I like to travel but have some specifications that make travel more fun and less stressful. Even though I am usually a control freak, when I travel, I like to enjoy more and navigate less. Because I travel alone and in deference to my enthusiasm for being led around, I prefer trips arranged, preferably by the alumni travel office of my university, with a relatively small group of travelers who like to learn and to places I have never been. I also prefer 10-day trips on a ship or boat, so I only have to unpack once.
The trip I chose for this spring met most of my criteria. It was a university trip to Burgundy, a place I had never visited. It lasted for 8 days with a group of 14 travelers. Even though it was on land, I only had to unpack twice because we stayed at two hotels, one in Paris and one in Beaune.
I enjoy wine but am very far from being an expert. This wine tasting trip was designed to teach me to appreciate wine at a higher level. The primary wines in Burgundy, according to our tour guides, are Chablis, Chardonnay, and Pinot Noir. Surprisingly, many of the owners have California or Oregon connections.
We visited 7 vineyards for wine tasting, from the very old to the very new, where wine is fermented in stainless steel containers rather than large oak barrels. We tasted six wines at every vineyard, including William Fevre, Chateau de Pommard, Chateau de Mersault, Domaine Evenstad, Olivier Leflaive, Clos des Mouches, Domaine Dulac, and JC Boisset. We had five lunches and two dinners, each with at least four wines. I actually took one day away from the tour to explore and to detox. The trip concluded with a visit to the Saturday market, with meats, breads, cheeses, flowers, clothing, old knives, and deliciously ripe fruits and vegetables, including, of course, white asparagus.

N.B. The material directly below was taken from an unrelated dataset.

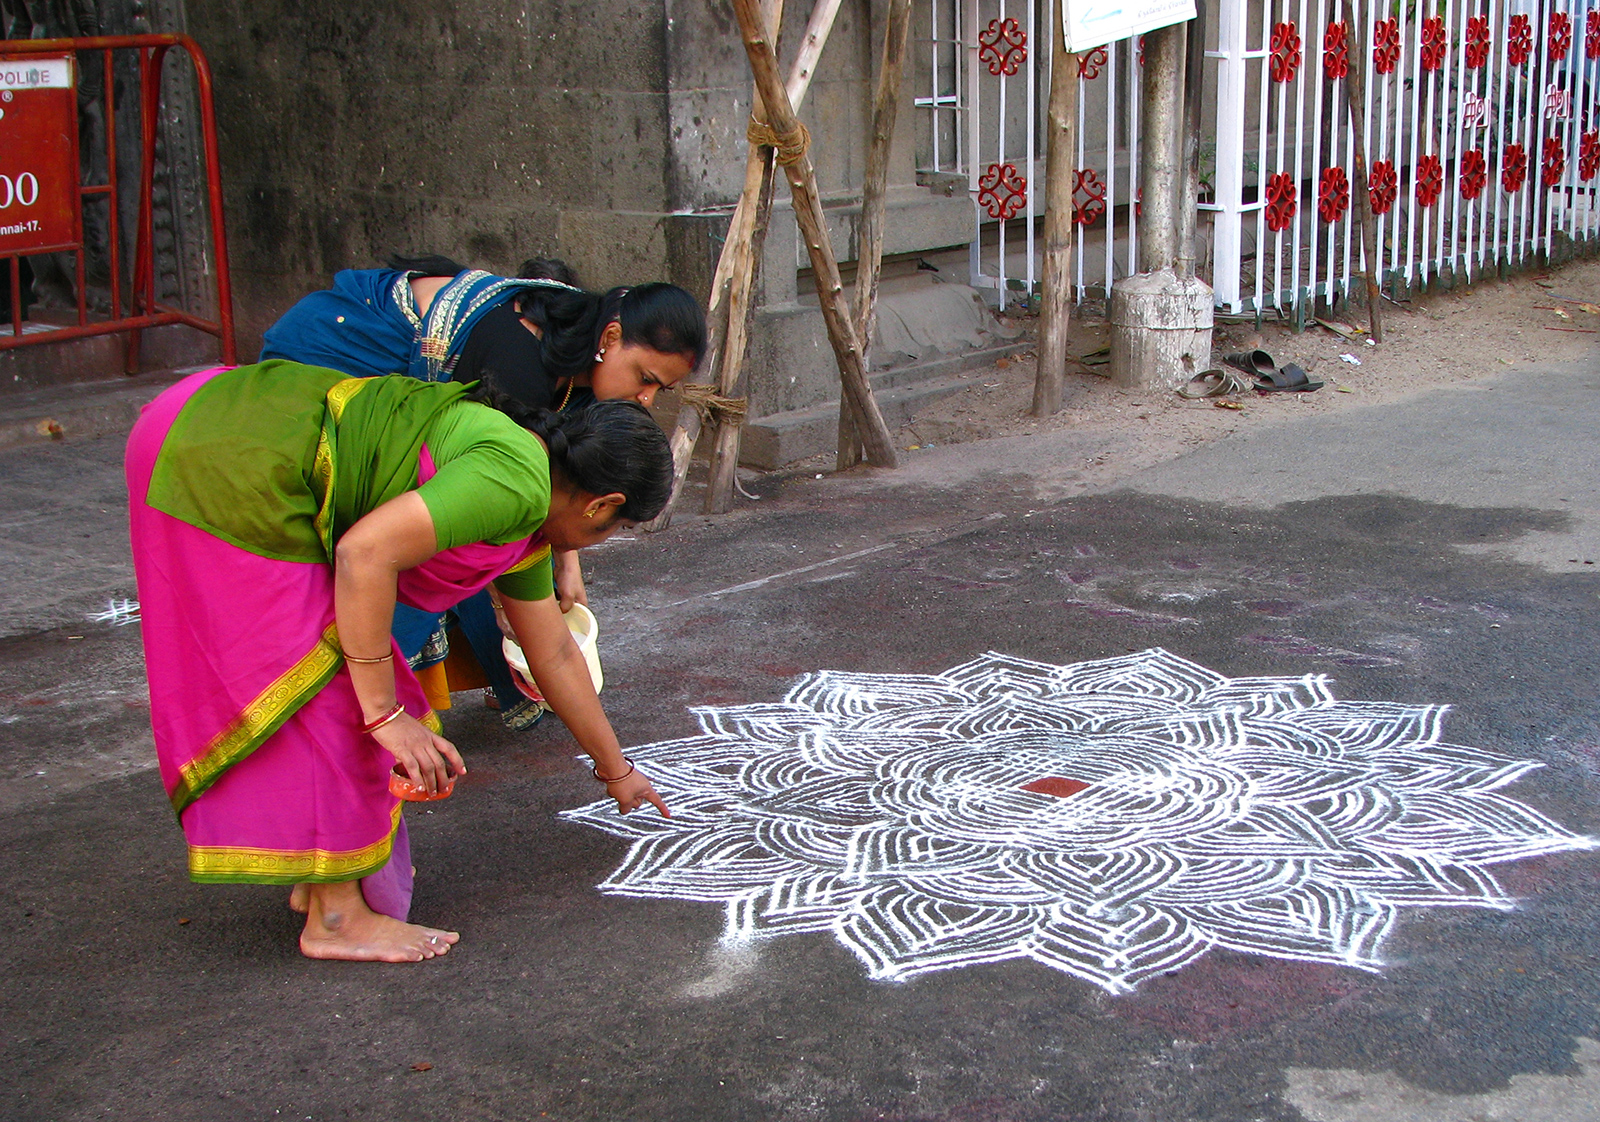 Tamil Nadu culture

This tour was special because we had a professor who specializes in the history and symbolism of food in French history. I had never heard of a Harlequin, which combines on one plate the leftovers from the tables of the rich to sell to the poor. Combining food is anathema to the French because they believe food should be served in three distinct courses. Can you imagine leftovers consisting of fish, chicken, salad, vegetables, and dessert all globbed together, bones included, after sitting all night? Not surprisingly there was a French Revolution!
We also had as our tour guides two charming Irishmen, one who arranges wine tours all over the world and one who has written several books on wine and lives in Beaune. We, for example, had lunch in a wine cellar at one of the wineries and one tasting that concluded with a $14,000 bottle of wine, only possible because of the tour guides’ long-standing friendship with one of the owners.